Während des Gespräches erging eine besondere Bitte an den Landeshauptmann. Er solle sich dafür stark machen, dass neben den bereits vorhandenen noch mehr inner- und außerschulische Räume und Anlässe für interreligiöse Begegnungen geschaffen werden. Besonders für die junge Generation sollte das Thema Religion kein Tabuthema sein. Ein offener Dialog darüber fördert nicht nur die interreligiöse Bildung, sondern auch das gute Miteinander in einer multireligiösen Gesellschaft.

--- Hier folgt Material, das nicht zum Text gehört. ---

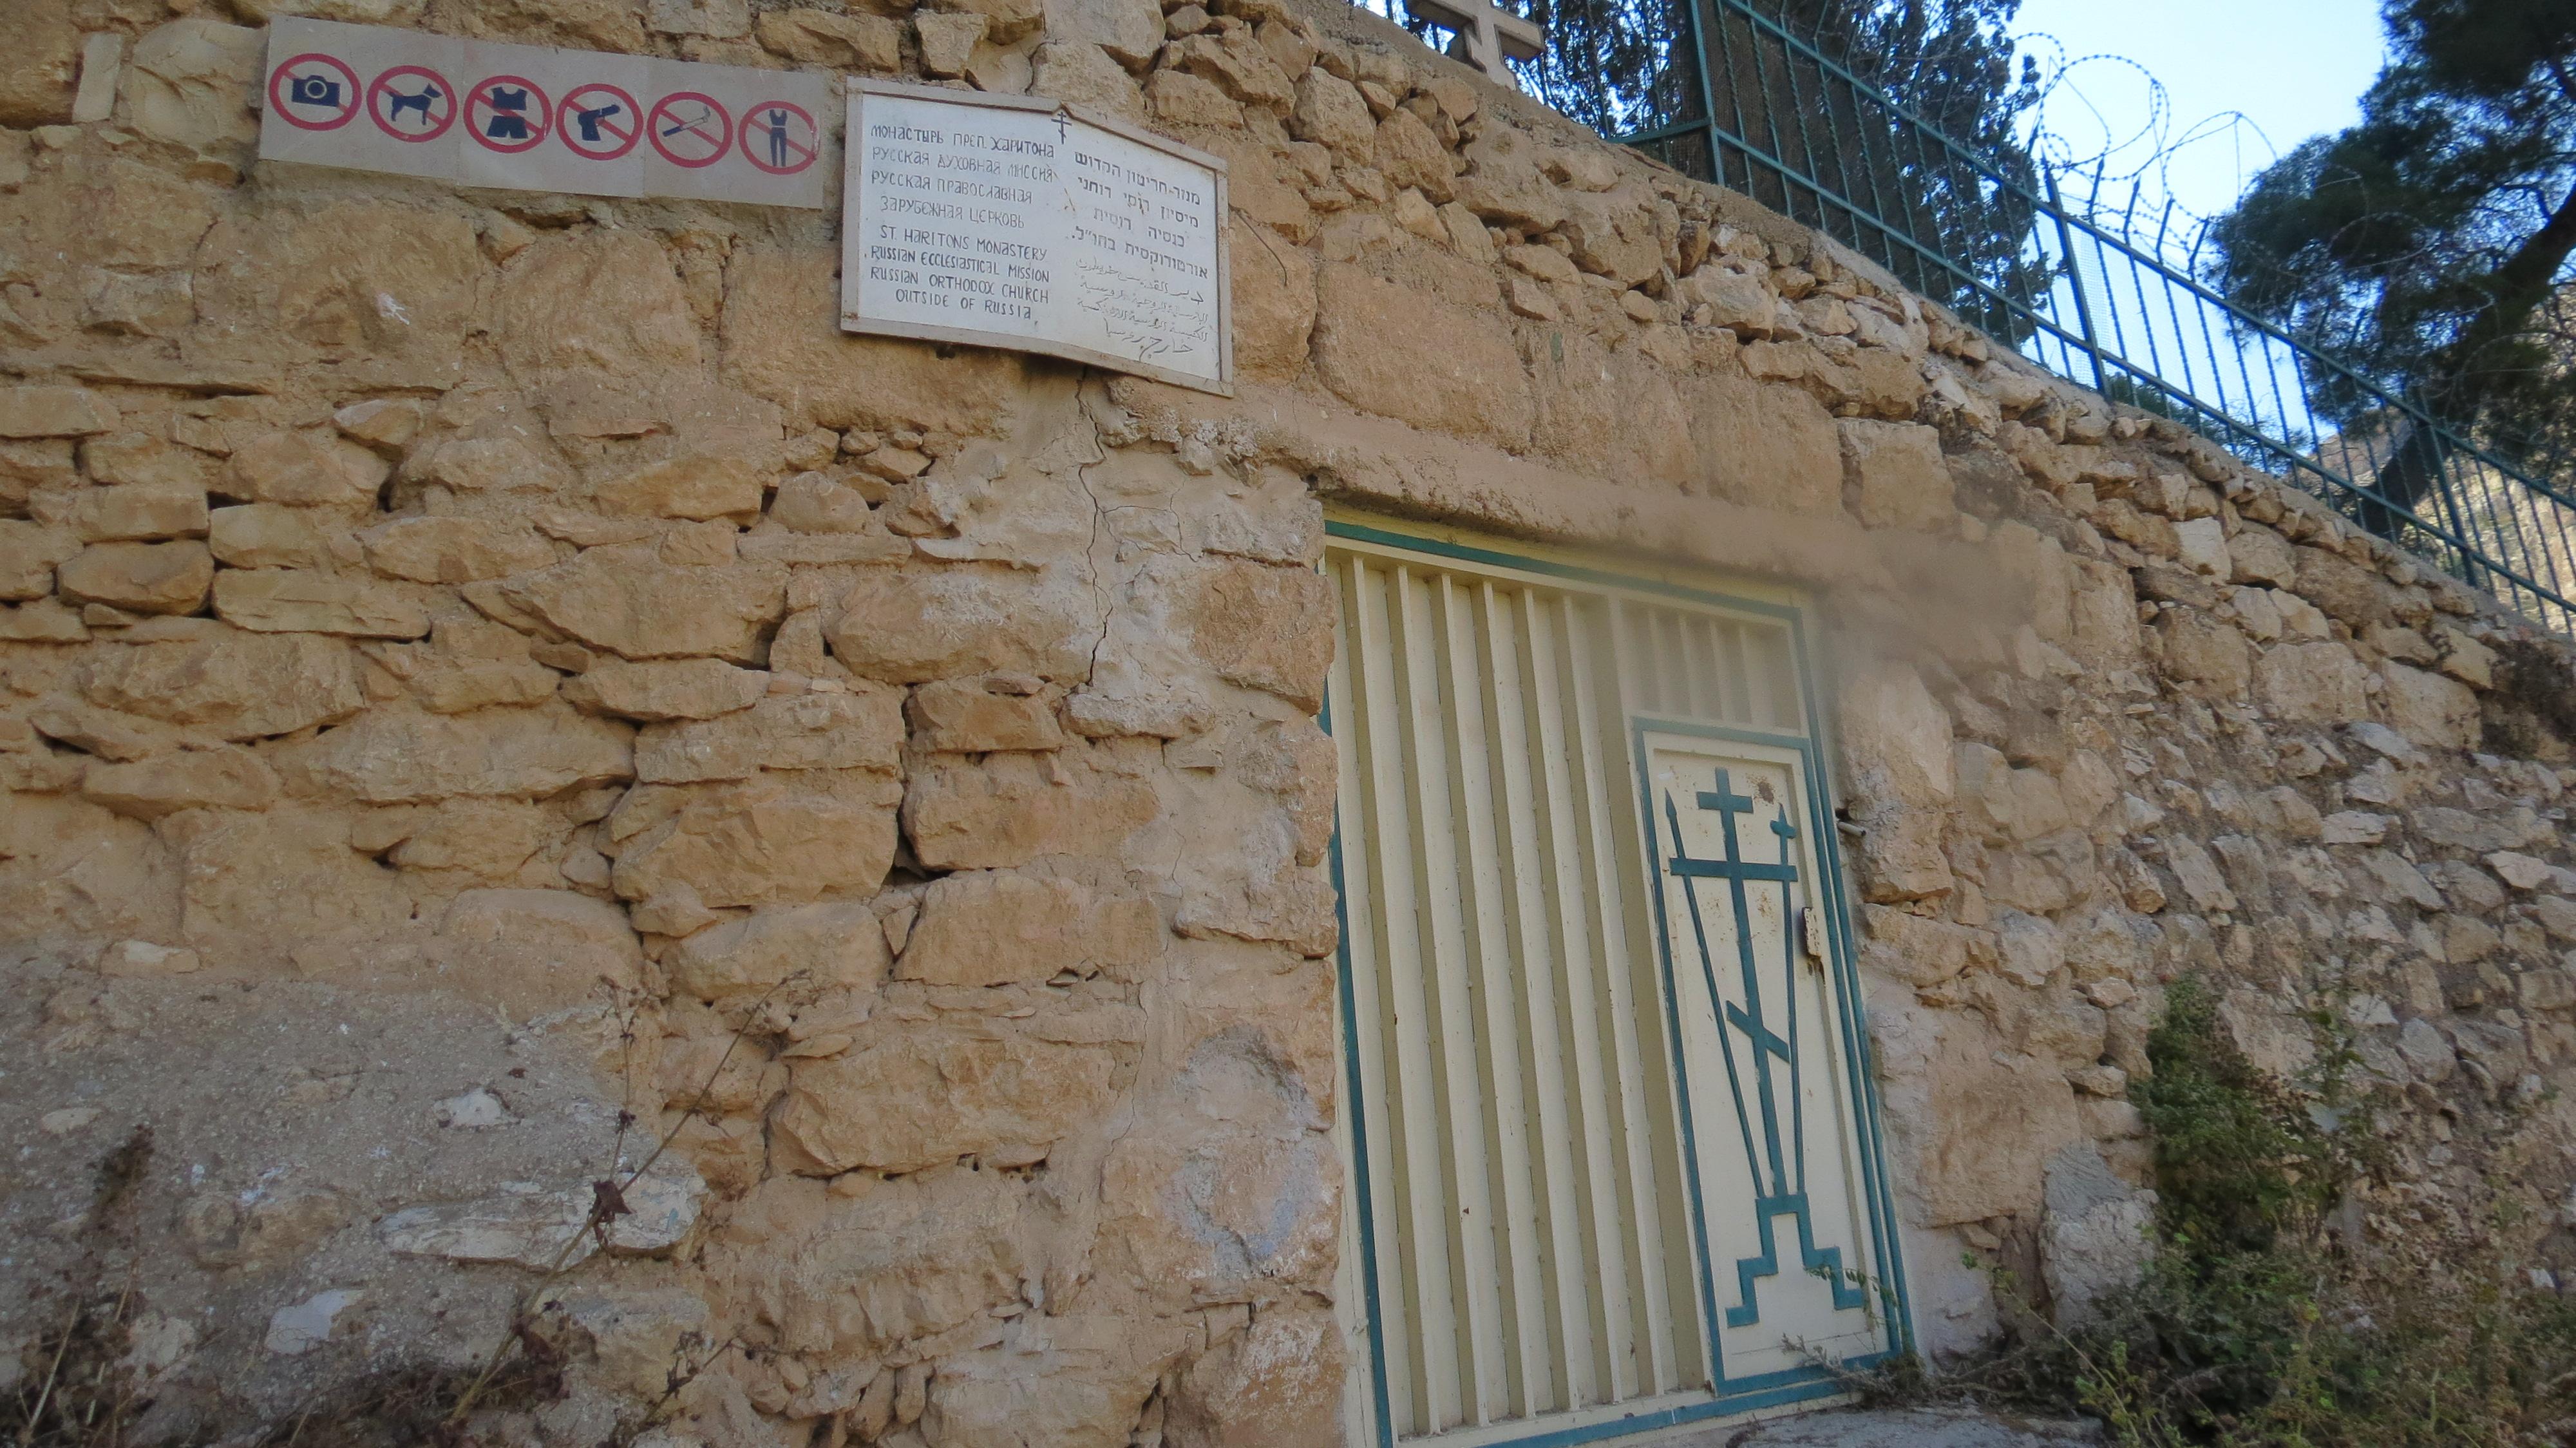 Paran Monastery and Nahal Prat Nature Reserve

Mitwirkende des vorweihnachtlichen Dialogs waren (im Bild v. l.): Max Valtingoier (Neuapostolische Kirche), Özgür Erdogan (Alevitische Glaubensgemeinschaft), Wilhelm Schwabl (Bahai Gemeinde Tirol), Mag. Liebschütz (Israelitische Kultusgemeinde für Tirol und Vorarlberg), Burhan Türkmen (Vorsitzender Islamische Religionsgemeinschaft), Pfarrerin Assunta Kautzky (Evangelische Kirche A.B. und H.B.), Erzpriester Pater Emanuel Dirlas (Griechisch-Orthodoxe Gemeinden Tirol Metropolis von Austria, Ökumenisches Patriarchat), Samir Redzepovic (Generalsekretär Islamische Religionsgemeinschaft), LH Günther Platter, Erzpriester Aleksander Stolic (Serbisch-Orthodoxe Gemeinde), LRin Christine Baur, Präsident Günter Lieder (Israelitische Kultusgemeinde für Tirol und Vorarlberg), Bischof Hermann Glettler (Diözese Innsbruck), Pastor Thomas Rolfsmeier (Kirche der Siebenten-Tags-Adventisten in Österreich), Gabriele Doppler (Buddhistische Religionsgemeinschaft Österreich), Heiko Barthelmeß (Freikirchen in Österreich), Bischof Gerhard Egger (Kirche Jesu Christi der Heiligen der Letzten Tage), Pastor Markus Marosch (Freikirchen in Österreich), Pfarrer Meinrad Schumacher (Altkatholische Kirche).